Belarus president accused of ‘insults and slander’ against exiled archbishop

WARSAW, Poland (CNS) — A Catholic bishop in Belarus accused President Alexander Lukashenko of “insult and slander” after the government official charged the church’s exiled leader with planning to “destroy the country” and called for a bar on foreign clergy.

Auxiliary Bishop Yury Kasabutski of Minsk said in social media post Nov. 3 that he believed Lukashenko’s words about Minsk Archbishop Tadeusz Kondrusiewicz represented “a completely unfounded lie.”

The government has barred Archbishop Kondrusiewicz from reentering Belarus from neighboring Poland since Aug. 31.

The bishop said on Facebook that the church prays for the government as it carries out repression of people protesting the Lukashenko regime and has issued repeated calls for unity, solidarity and mutual support that the nation come together in a time of unrest.

“All of this is viewed as something bad in our country today,” he said. “So it’s necessary to spit and heap mud on the Catholic Church, intimidating it and announcing the next step in its persecution.”

“The Catholic Church opposes violence, bullying and torture.
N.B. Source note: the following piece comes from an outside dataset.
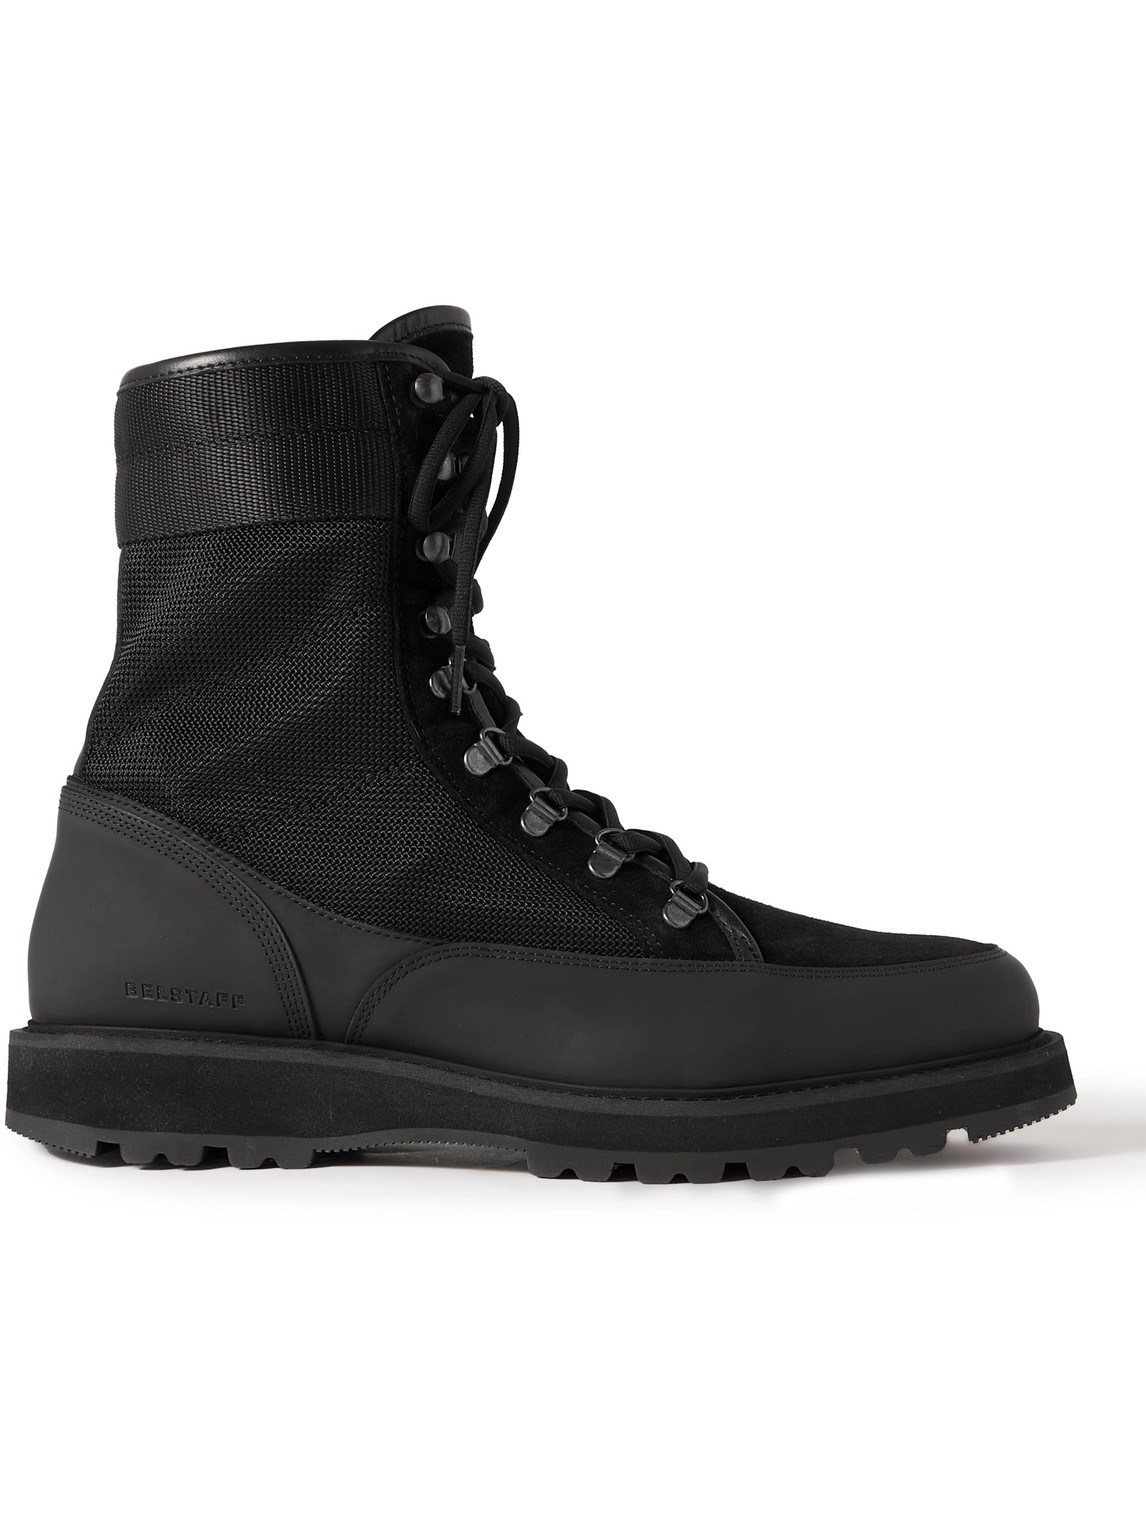 BELSTAFF STORMPROOF LEATHER, SUEDE AND MESH BOOTS

It prays especially for political prisoners, and opposes repression and persecution, human rights abuses, humiliation, and dismissals and expulsions for dissenting views,” Bishop Kasabutski’s post said.

“This is a political game and nothing more. The service of foreign priests in Belarus, which they perform well out of love for our country and its people, has always been a source of blackmail and pressure on the church.”

With four dioceses and around 500 parishes, the Catholic Church makes up 6% of the 9.4 million inhabitants of Belarus and has relied heavily on visiting priests for decades dating to Soviet-era communist rule.

Speaking after a discussion Oct. 19 with Cardinal Pietro Parolin, Vatican secretary of state, Archbishop Kondrusiewicz told the news agency of the Italian bishops’ conference, SIR, that efforts to secure his return to the country continued.

However, in talks Nov. 2 with Belarus’ Orthodox Metropolitan Veniamin, Lukashenko said it was “inadmissible” that Archbishop Kondrusiewicz had “gone to Poland and received instruction on how to destroy the country.” He also said he would insist that the Catholic Church “train its clergy more intensively” rather than relying on foreign priests.

Mass protests and strikes have continued across Belarus since disputed Aug. 9 elections, in which Lukashenko, in power since 1994, was declared the winner with more than 80% of votes.